Was she losing it? Had she turned the light on her last trip? No, that didn’t make sense. That didn’t make even an iota of sense.

Her heart fluttered as she moved forward to the nursery door, nightgown flittering about her ankles. Mary blinked, double-checking this was no flash of lightning from the storm, no delirious vision that would go away. But it was still there. She wanted to call for help, call the police, do anything, but that light came from her daughter's room and she couldn't wait for any of that.

Mary reached out and grabbed the door handle decisively. And just as she did, the light within turned off. Her breathing quivered in her throat and her hand once so sure now shook with tremors.
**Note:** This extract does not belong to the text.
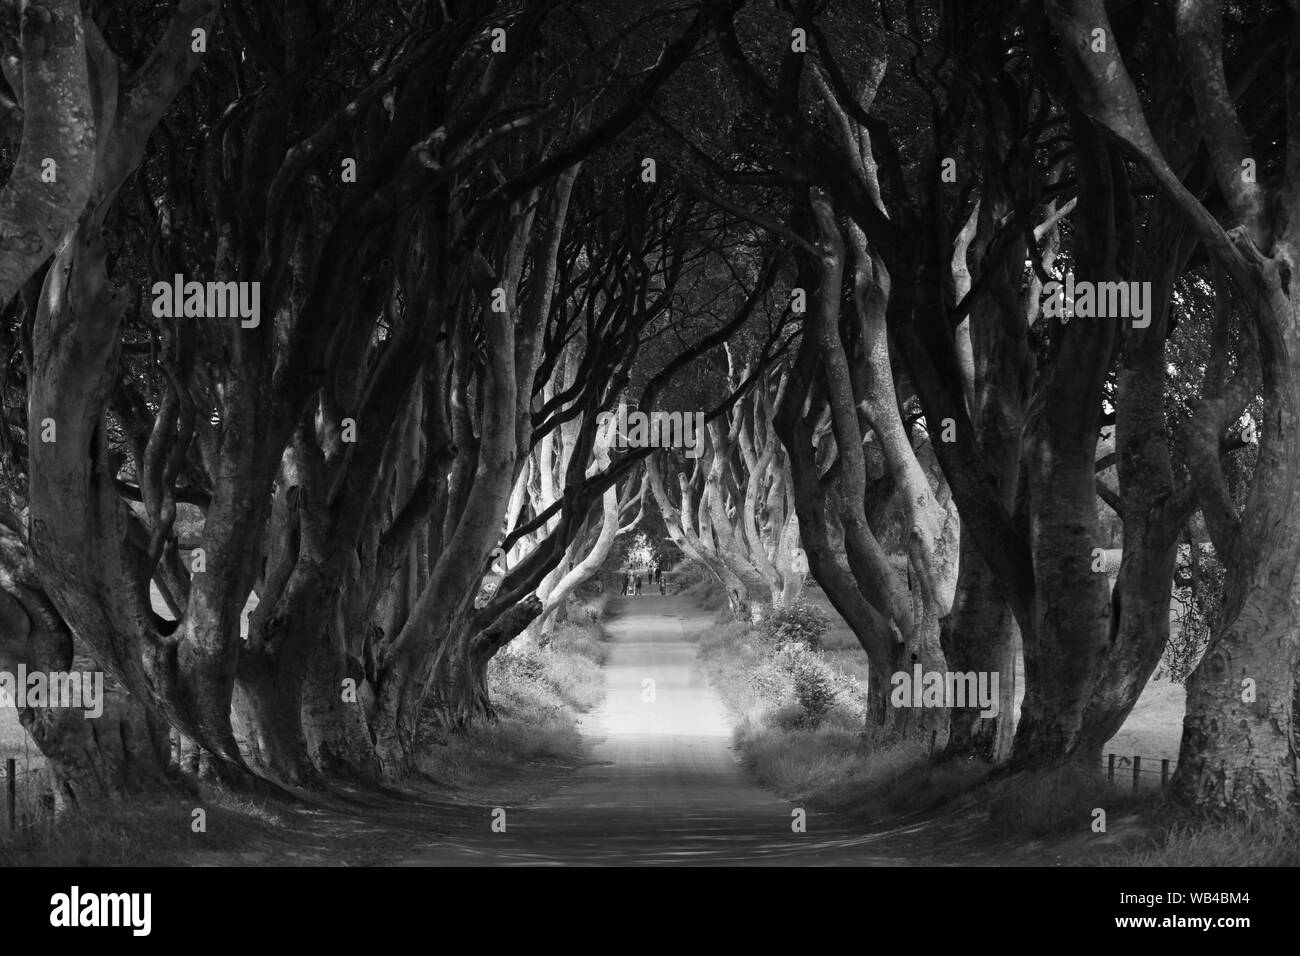 The Dark Hedges Road From The Game Of Thrones In Northern Ireland

As she threw the door open, the cries of her baby stopped.

            Mary rushed to the cradle swaddled in darkness. A streak of lightning lit the room for a second and Mary’s heart fluttered. She could just make out her child there in the crib, just a couple feet away.

But in that instantaneous moment, Mary saw something else. Just out of view, in the corner of the room, she saw something here that should not be.

            And she screamed.

            A second bolt of lightning rent the night sky. Illuminated for the briefest of moments, standing in the corner was another person. Dressed in black from head to toe with a tape recorder in their left hand-- they brought a bloody knife up and unfurled their index finger, pressing it to their lips.

            "Shh," came from the corner as the room snapped back to black. "The baby is sleeping.“ And then Mary heard a click and the sound of a baby—not her baby—crying filled the air.